#### ACTION ITEM:
Copy out the data line by line exactly, from its start to the line bearing "Disegno da colorare", inclusive.

#### ENTRIES SUPPLIED:
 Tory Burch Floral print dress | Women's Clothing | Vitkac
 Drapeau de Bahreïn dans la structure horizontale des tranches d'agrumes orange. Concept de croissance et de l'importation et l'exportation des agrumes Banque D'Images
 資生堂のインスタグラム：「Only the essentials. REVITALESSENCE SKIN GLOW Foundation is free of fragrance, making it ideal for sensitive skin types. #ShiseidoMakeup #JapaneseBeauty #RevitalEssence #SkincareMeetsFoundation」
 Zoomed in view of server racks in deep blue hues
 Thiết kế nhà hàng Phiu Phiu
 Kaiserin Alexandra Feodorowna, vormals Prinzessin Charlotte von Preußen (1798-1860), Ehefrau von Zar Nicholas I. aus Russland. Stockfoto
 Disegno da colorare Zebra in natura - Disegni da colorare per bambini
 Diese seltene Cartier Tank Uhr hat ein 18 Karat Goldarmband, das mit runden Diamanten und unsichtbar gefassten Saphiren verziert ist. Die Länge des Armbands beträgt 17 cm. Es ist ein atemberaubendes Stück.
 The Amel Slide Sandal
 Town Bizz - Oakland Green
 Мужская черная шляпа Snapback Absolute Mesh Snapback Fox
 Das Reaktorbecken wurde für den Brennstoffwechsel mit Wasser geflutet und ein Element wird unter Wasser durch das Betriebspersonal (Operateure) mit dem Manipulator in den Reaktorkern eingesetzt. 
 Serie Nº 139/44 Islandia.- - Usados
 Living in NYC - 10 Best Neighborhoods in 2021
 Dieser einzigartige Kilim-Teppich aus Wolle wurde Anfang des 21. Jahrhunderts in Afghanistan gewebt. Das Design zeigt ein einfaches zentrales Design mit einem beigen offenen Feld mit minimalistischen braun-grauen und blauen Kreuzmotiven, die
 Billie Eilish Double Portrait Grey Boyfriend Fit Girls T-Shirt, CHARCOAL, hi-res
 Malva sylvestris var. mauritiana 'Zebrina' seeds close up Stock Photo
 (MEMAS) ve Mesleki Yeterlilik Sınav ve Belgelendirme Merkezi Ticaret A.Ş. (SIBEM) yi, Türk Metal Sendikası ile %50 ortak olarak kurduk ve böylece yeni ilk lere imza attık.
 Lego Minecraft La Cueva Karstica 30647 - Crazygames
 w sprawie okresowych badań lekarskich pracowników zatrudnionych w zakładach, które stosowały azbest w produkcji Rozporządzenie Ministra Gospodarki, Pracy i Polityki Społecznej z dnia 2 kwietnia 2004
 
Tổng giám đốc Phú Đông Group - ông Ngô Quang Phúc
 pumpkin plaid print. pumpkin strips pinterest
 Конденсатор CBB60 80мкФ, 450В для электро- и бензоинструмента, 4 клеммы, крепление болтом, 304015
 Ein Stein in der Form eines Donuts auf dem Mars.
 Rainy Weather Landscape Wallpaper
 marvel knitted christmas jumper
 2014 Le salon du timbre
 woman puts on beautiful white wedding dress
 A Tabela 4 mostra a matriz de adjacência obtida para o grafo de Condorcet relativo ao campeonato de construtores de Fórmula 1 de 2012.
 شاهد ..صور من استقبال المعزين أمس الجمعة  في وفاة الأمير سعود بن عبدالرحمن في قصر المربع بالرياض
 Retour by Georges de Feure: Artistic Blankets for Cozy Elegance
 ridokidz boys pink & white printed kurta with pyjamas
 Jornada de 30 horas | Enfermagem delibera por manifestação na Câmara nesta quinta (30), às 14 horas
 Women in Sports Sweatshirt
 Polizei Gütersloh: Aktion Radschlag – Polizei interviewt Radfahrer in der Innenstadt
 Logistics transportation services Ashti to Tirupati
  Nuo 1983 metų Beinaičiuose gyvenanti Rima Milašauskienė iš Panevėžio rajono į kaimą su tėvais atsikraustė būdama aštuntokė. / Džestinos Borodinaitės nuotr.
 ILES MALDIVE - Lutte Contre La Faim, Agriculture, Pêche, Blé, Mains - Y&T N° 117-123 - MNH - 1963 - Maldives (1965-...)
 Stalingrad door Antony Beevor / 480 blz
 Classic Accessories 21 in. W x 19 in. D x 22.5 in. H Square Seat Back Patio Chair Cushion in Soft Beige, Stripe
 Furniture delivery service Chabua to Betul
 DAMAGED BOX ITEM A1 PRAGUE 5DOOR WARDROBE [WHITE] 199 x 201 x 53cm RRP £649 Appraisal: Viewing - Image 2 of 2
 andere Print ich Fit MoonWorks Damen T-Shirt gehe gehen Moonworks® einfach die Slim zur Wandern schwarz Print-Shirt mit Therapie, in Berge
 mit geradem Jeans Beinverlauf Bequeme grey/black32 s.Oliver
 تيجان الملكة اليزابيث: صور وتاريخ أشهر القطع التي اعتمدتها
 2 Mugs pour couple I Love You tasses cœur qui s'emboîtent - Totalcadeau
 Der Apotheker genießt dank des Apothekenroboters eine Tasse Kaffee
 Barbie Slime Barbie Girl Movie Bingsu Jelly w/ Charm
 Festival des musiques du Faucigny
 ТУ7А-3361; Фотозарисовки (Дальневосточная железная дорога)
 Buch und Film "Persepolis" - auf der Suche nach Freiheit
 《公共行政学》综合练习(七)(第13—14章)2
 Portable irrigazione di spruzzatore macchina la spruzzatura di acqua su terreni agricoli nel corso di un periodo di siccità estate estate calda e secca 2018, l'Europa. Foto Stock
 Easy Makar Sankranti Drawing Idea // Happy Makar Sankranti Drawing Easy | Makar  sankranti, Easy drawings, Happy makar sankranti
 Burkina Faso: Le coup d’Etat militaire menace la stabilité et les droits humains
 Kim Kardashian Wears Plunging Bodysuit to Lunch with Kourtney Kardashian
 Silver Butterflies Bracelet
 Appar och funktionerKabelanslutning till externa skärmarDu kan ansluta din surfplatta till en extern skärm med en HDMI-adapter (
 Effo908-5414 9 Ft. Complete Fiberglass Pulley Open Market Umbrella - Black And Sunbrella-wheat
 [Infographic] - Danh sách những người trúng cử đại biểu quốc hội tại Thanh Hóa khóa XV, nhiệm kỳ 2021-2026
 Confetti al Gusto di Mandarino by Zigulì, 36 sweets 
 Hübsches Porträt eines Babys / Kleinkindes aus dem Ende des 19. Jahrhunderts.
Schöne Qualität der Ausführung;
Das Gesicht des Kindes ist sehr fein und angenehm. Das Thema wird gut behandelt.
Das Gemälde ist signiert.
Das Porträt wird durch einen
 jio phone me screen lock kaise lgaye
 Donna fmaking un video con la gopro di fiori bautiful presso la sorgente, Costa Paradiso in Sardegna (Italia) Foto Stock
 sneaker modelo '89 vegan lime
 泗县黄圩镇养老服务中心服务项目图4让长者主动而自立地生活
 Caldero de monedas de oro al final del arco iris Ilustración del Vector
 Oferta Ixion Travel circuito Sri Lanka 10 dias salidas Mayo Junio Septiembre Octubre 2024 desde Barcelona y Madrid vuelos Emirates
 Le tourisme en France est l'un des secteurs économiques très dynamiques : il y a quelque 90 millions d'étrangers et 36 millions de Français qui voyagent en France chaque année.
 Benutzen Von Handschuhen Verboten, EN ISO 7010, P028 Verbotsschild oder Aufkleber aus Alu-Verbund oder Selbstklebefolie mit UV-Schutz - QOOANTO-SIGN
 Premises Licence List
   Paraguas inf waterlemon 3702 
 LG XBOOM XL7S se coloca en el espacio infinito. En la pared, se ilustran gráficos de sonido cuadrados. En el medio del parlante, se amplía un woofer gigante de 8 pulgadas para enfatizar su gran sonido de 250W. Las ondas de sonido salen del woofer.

#### FINISHED EXERCISE:
 Tory Burch Floral print dress | Women's Clothing | Vitkac
 Drapeau de Bahreïn dans la structure horizontale des tranches d'agrumes orange. Concept de croissance et de l'importation et l'exportation des agrumes Banque D'Images
 資生堂のインスタグラム：「Only the essentials. REVITALESSENCE SKIN GLOW Foundation is free of fragrance, making it ideal for sensitive skin types. #ShiseidoMakeup #JapaneseBeauty #RevitalEssence #SkincareMeetsFoundation」
 Zoomed in view of server racks in deep blue hues
 Thiết kế nhà hàng Phiu Phiu
 Kaiserin Alexandra Feodorowna, vormals Prinzessin Charlotte von Preußen (1798-1860), Ehefrau von Zar Nicholas I. aus Russland. Stockfoto
 Disegno da colorare Zebra in natura - Disegni da colorare per bambini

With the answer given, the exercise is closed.